Finalement, c'est elle qui se tourna, lui offrant seulement la vue de son dos et son reflet dans le miroir. Il pouvait tout voir, mais au moins... elle ne le voyait pas de face. Ses côtes avaient pris une originale teinte violette et elle fit la moue en regardant le tout, tâtant du bout des doigts.
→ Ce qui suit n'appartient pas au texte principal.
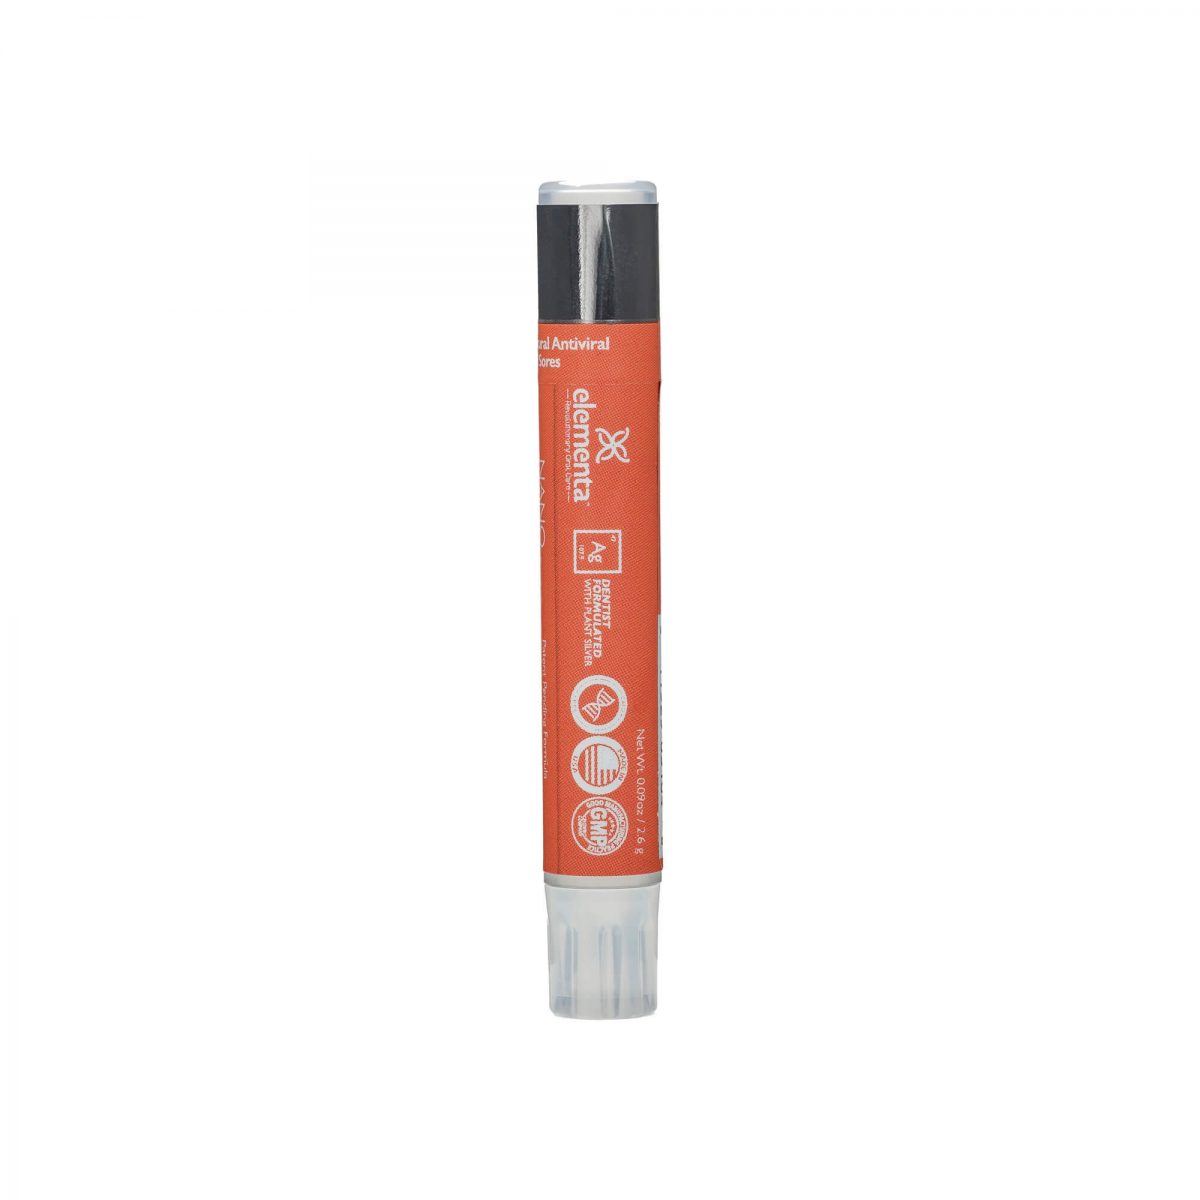 image of nano silver tropical orange flavored lip balm side of stick

Une grimace. Aouch. Elle attrapa une première potion, anti-douleur, et en versa une gorgée dans le verre, la laissant aérer un peu. Elle se racla la gorge et parla pour dissiper le malaise : « Wilhelmina voulait que j'assiste Arutha dans une mission, en fait. Aller au manoir Kark pour récupérer un objet appartenant à son père qui pouvait être utile pour la faction. On se débrouillait plutôt bien, jusqu'à ce qu'un voleur nous attaque et que les Américains débarquent parce que Wilhelmina m'avait confié un artefact en toc pour bloquer les alarmes. » Un bon résumé. Elle retira le collier qui pendait autour de son cou, le bijou se baladant entre ses (petits) seins – est-ce qu'Erwin préférait les petites poitrines ou quelque chose de plus charnu ? Et c'était quoi, cette pensée ? – et le posa à côté du lavabo, avant de boire la potion. Bon, maintenant, il fallait qu'elle soigne ses côtes – son visage suivrait, ce n'était pas dramatique. Les quelques bleus qui resteraient... resteraient là.

Un petit commentaire sur un ton joyeux, jetant un coup d’œil par-dessus son épaule pour regarder Erwin : « Je t'ai dit que mon frère te préférait à Arutha ? Il me l'a dit dans ces mots. Tu vois, vous allez finir par vous entendre. »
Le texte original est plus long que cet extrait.